Amazon employees call for withdrawal of five-day RTO mandate in anonymous survey

Some Amazon employees refuse to “disagree and commit,” as one of the company’s famed leadership principles requires of those who disagree with a decision.

Instead, hundreds of employees at the online retail giant are complaining that CEO Andy Jassy’s five-day-a-week return-to-the-office mandate, announced last week, will negatively impact their lives — and productivity at work. the work – and how they hope the company will reverse course.

The feedback comes from an anonymous survey of Amazon employees viewed by Fortune on Tuesday. Company employees shared it widely on the messaging app Slack, including in a Slack “remote advocacy” channel with more than 30,000 members that a former employee created when Amazon first imposed a three-day return-to-the-office mandate last year announced.

As a result, employees who favor remote or hybrid working are more likely to have responded to the survey earlier, thereby distorting the findings.

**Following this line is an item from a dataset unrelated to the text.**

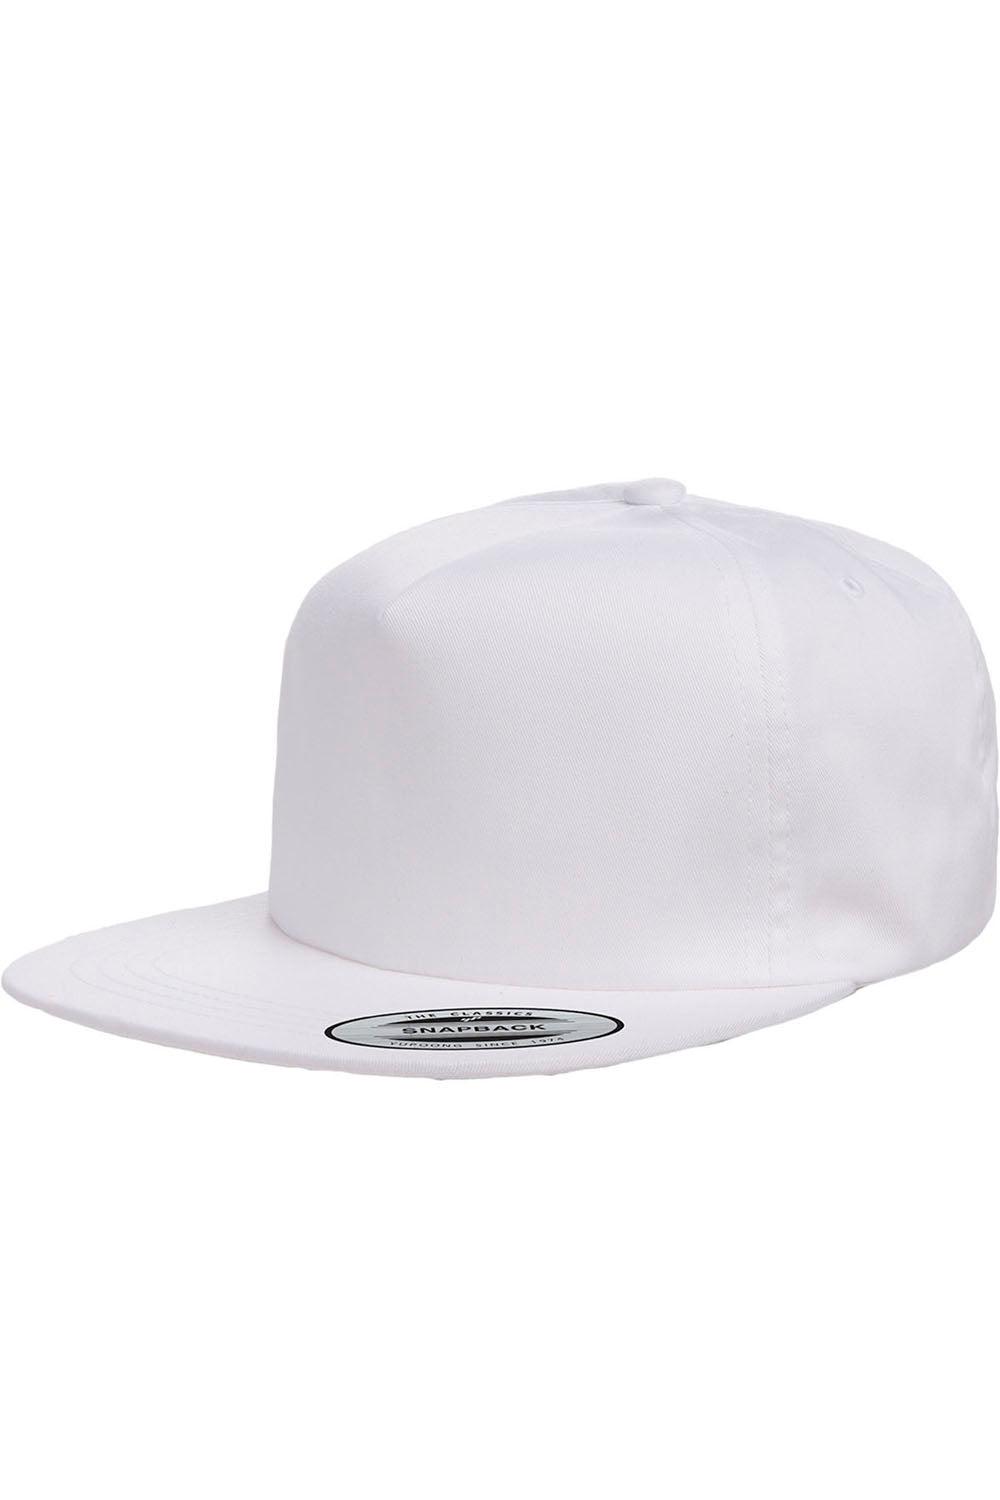 Yupoong Y6502 Mens Adjustable Hat White Front

As of the afternoon of September 24, the average satisfaction score among respondents regarding the RTO mandate was 1.4 off the scale of 5 (where 1 means “very dissatisfied” and 5 means “strongly satisfied”). The creators of the survey said in an introduction to their questionnaire that they plan to aggregate the results and share them by email with Jassy and other business leaders “to give them a clear understanding of the impact of these policies on employees , including the identified challenges and proposed solutions.” .”

“We are looking for honest, constructive feedback on the recent decision to require a five-day return to the office,” the survey’s introduction reads.

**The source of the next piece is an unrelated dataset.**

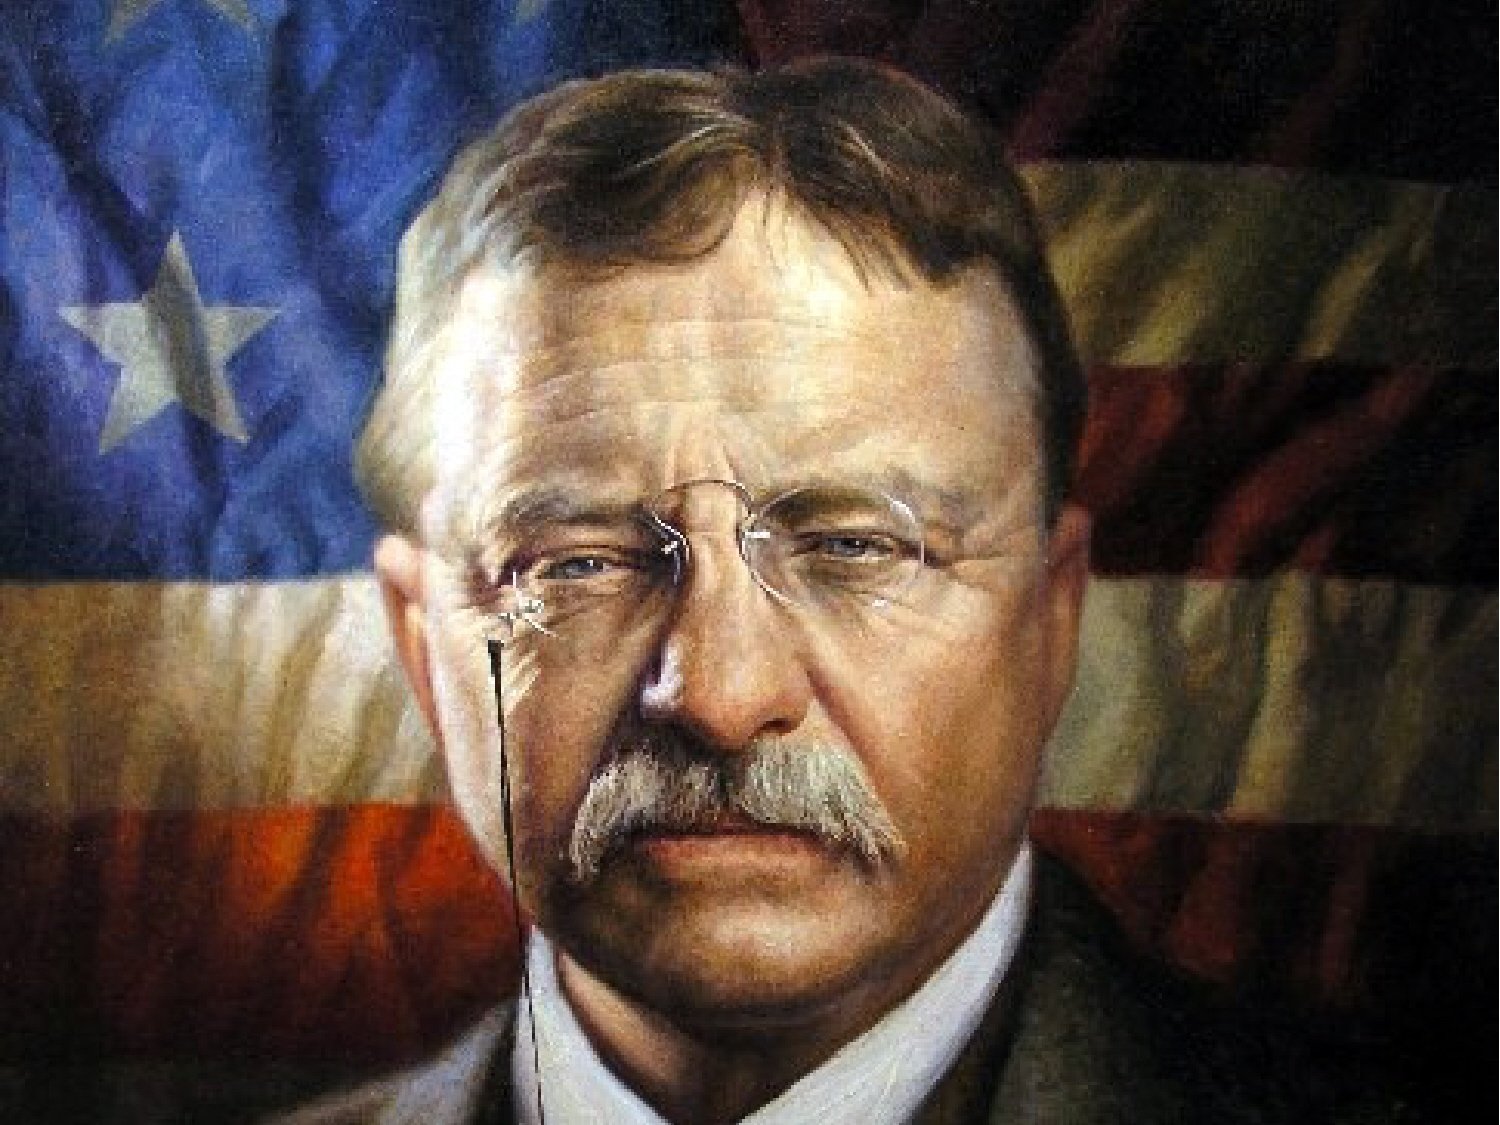 http://www.globalresearch.ca/wp-content/uploads/2014/09/theodore-teddy-roosevelt-1a.jpg

An Amazon spokesperson declined to comment.

Amazon has been using a hybrid work structure for the past fifteen months, before Jassy’s recent announcement that most of the company’s employees would have to work a full five-day week from their local Amazon office starting in January.

“As we look back on the past five years, we continue to believe that the benefits of being in the office together are significant,” Jassy wrote last week. “I’ve explained these benefits before, but in summary we’ve seen that it’s easier for our teammates to learn, model, practice and reinforce our culture; collaboration, brainstorming and inventing are easier and more effective, and learning from each other is better connected; another.”

Jassy’s explanation of the new mandate, and a second announcing a planned thinning of middle management, came across as a tacit admission of a fractured corporate culture within Amazon in recent years. Fortune recently detailed.